The urgency of the task in today’s charged political environment, the pushback from the Trump administration about fake news as well as its inaction on climate change, and the need for scientists to better communicate their work were among Rather’s themes in his keynote speech. Rather, 86, was a CBS news anchor from 1981 to 2005 and has covered every U.S. president since Dwight Eisenhower. He is a veteran reporter of wars, civil rights, science, and other major news spanning the past 50 years.

From his vantage, Rather sees society at large at a crossroads. “We find ourselves in a moment of reckoning,” he said in his address. “Are we going to guide our future by science, reason, and knowledge, or are we going to succumb to superstition, ignorance, and propaganda?”

Science Under Siege

Currently, the United States faces a unique threat, Rather said, with a president who has told an unprecedented number of easily debunked lies since the very beginning of his term—all the while attacking the press and media and accusing them of publishing “fake news.”

“Journalists and scientists are both under siege,” Rather said, “beset by accusations of fake news, self-interest, and bias.
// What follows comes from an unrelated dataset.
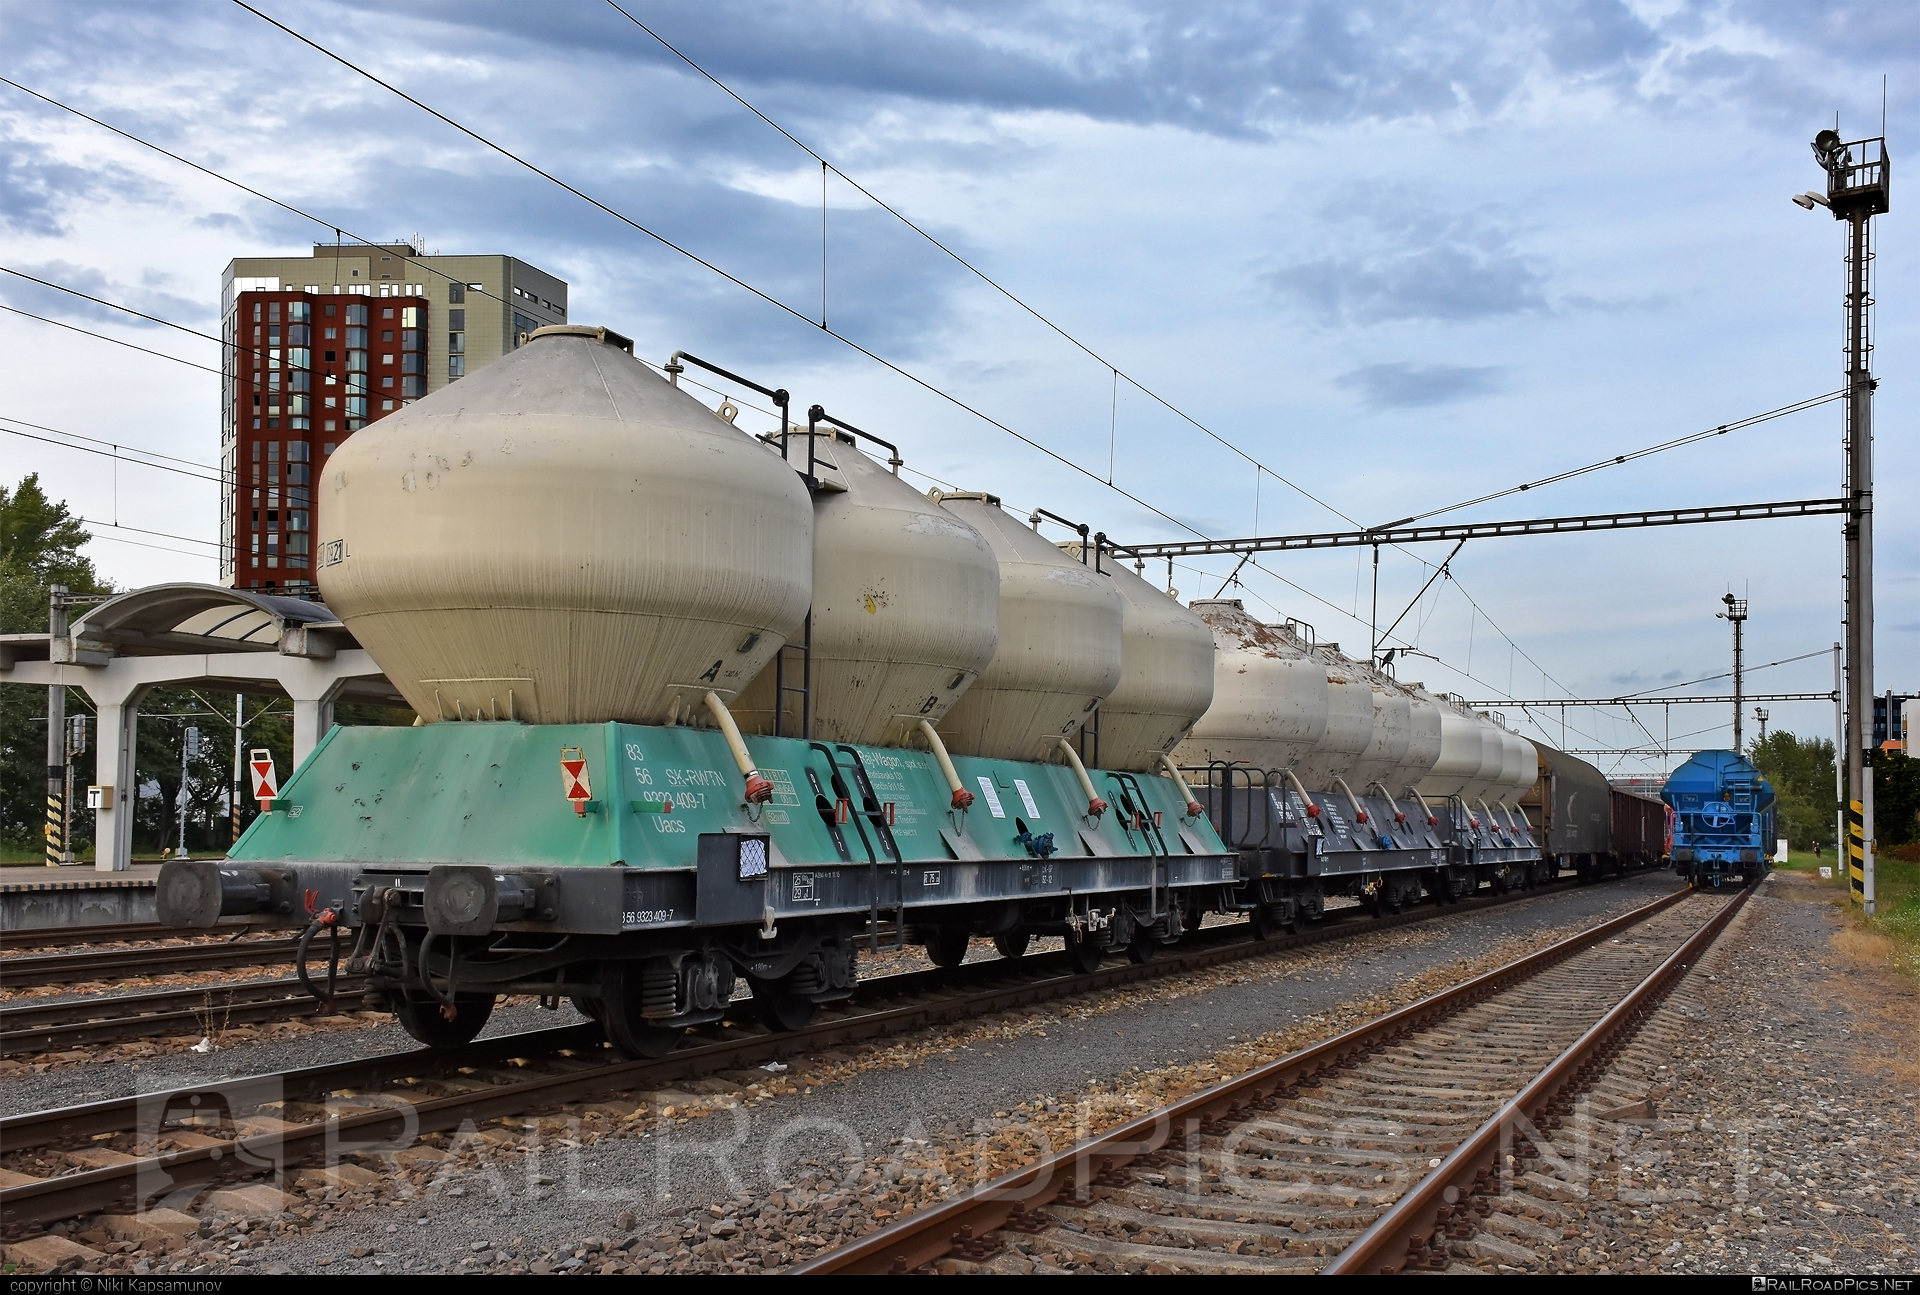 Class U - Uacs - 83 56 9323 409-7 operated by Raj-Wagon spol. s.r.o. #raj-wagon #rwtn #uacs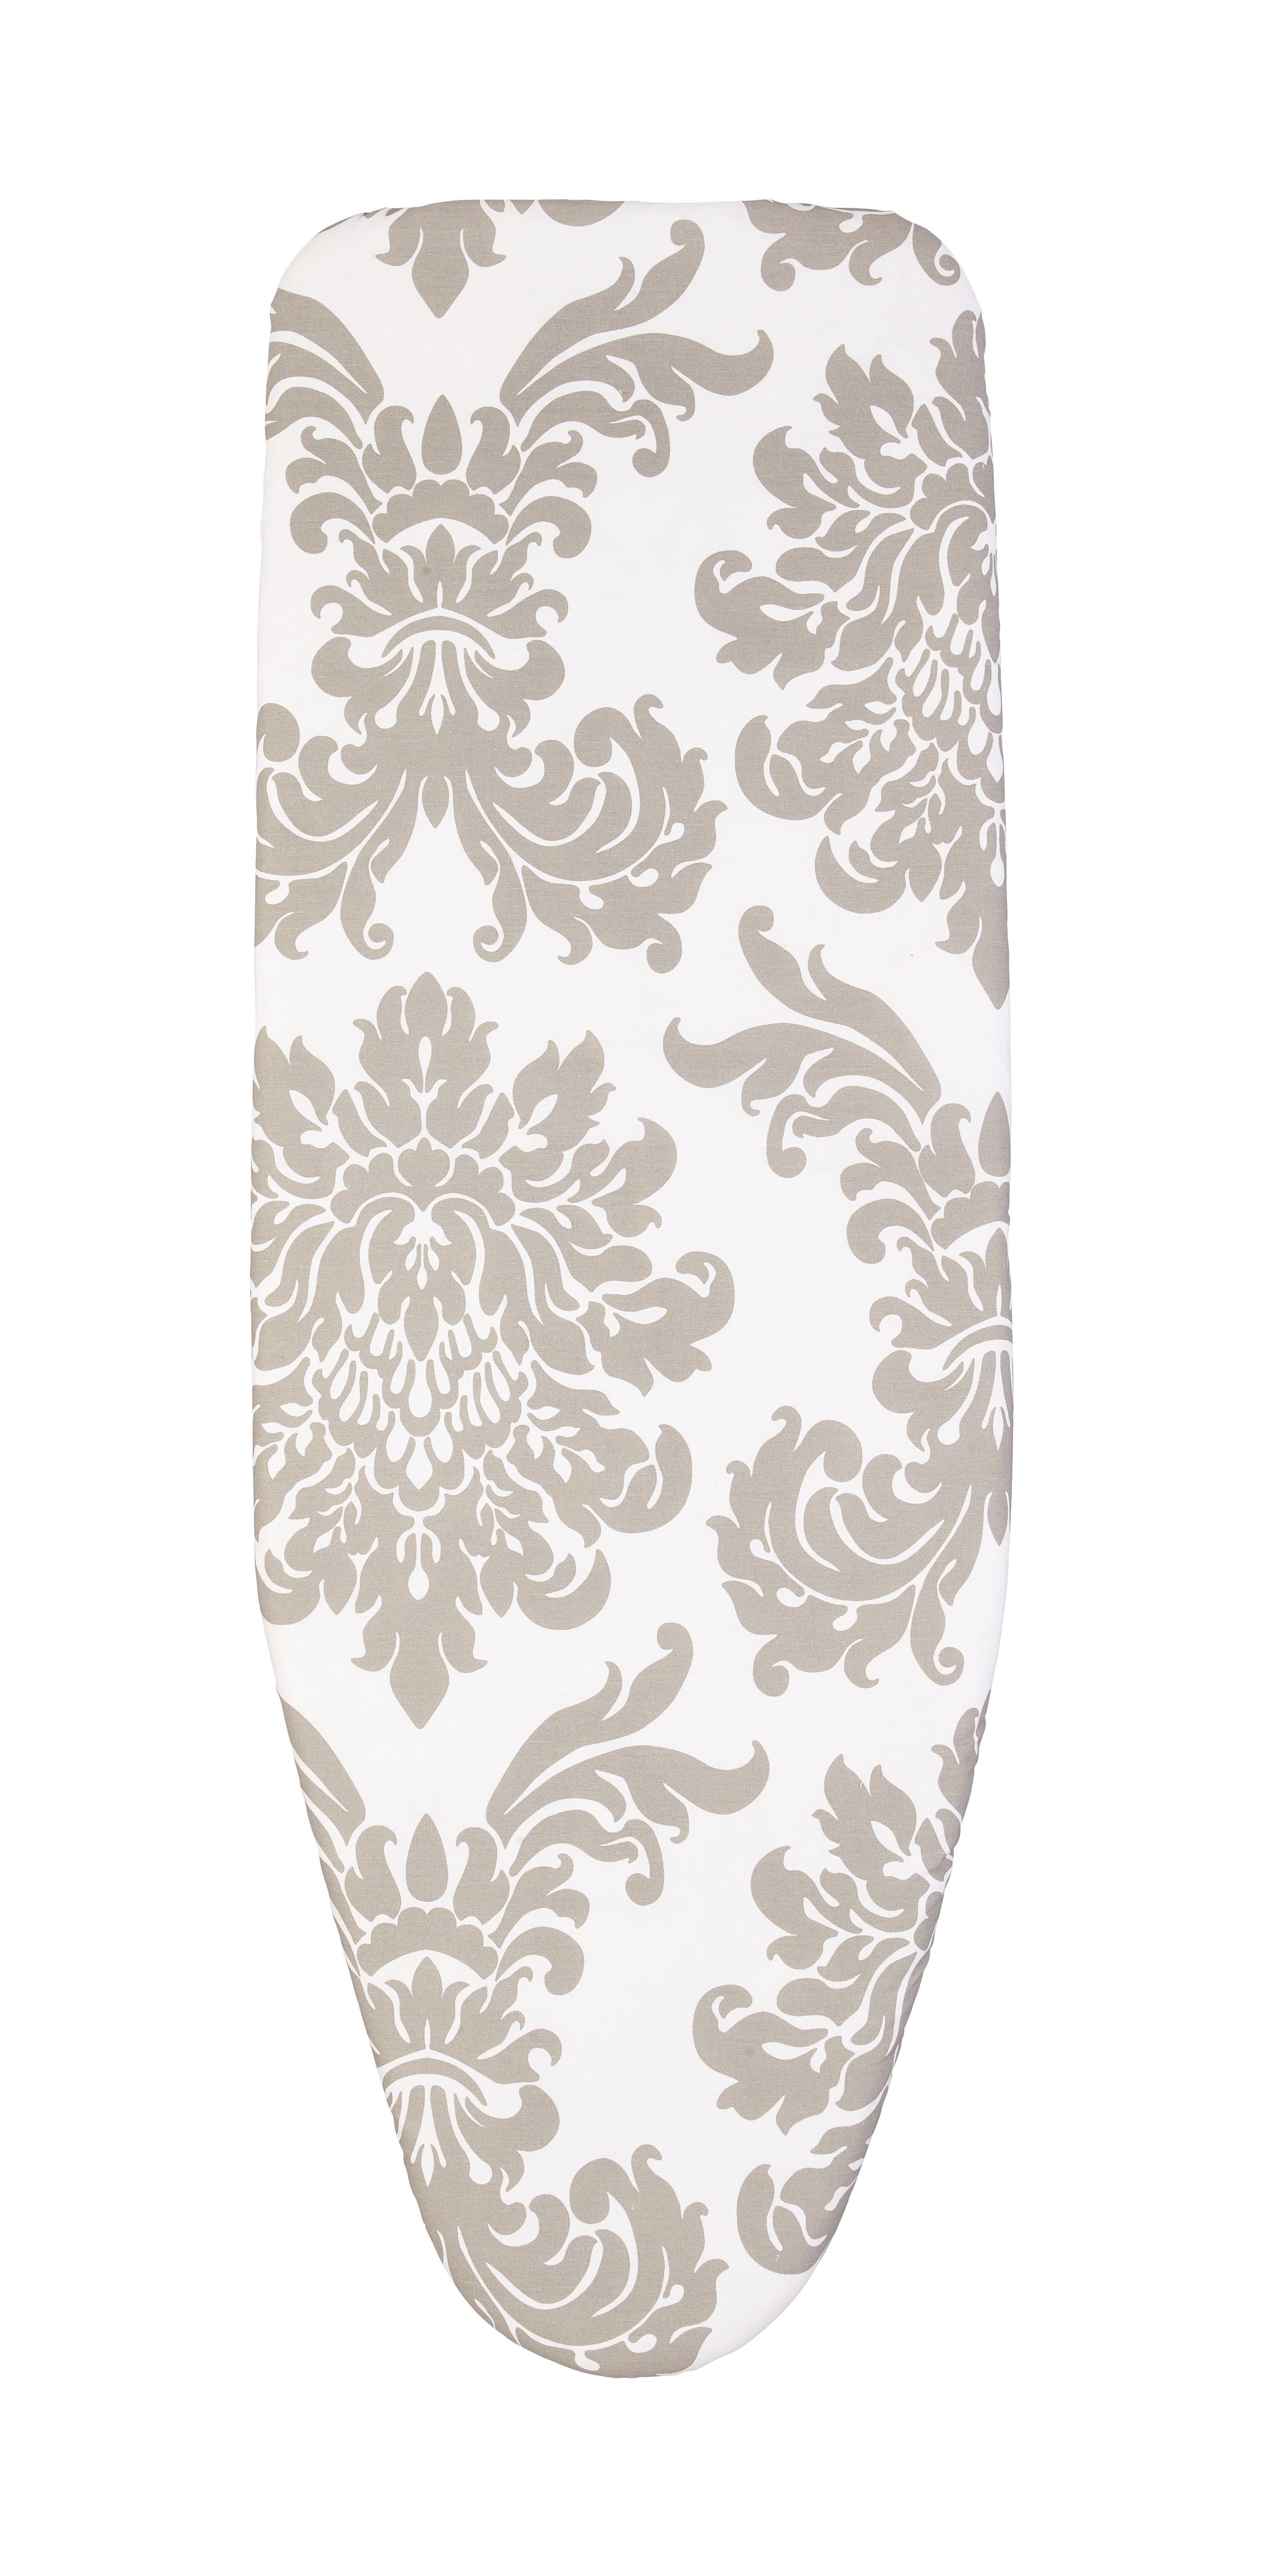 Vasalódeszka Huzat Kate - fehér/szürke, textil (50/130cm) - MÖMAX modern living

Much of this comes from coordinated attacks from powerful actors who have a vested interest in the truth remaining hidden.”

During a news briefing that followed his talk, Rather said that “many of the attacks on the whole business of climate change [are] very cynical” because what President Trump is trying to accomplish “is financed by very wealthy special interests whose businesses and products by their calculation might suffer” if climate change became even more widely accepted.

“We can dance around it,” Rather said, but in many instances, public officials “are bought and paid for, and they deliver.”

Rather said at the briefing that Trump “is really preaching the gospel of division” and that his dismissal of climate change as coming from the intellectual elite resonates with Trump’s political base.

Despite the administration’s stance on climate change, Rather said that he is optimistic by nature and by experience and “without apology.”

“That’s not Pollyannaish optimism with me. We are in a very perilous time in this country. This is not normal,” he said. “But there is a fundamental decency and an empathetic core to the people of the United States that when the big chips are on the table—which is to say, when you are absolutely positive we have to do it—then the country responds.”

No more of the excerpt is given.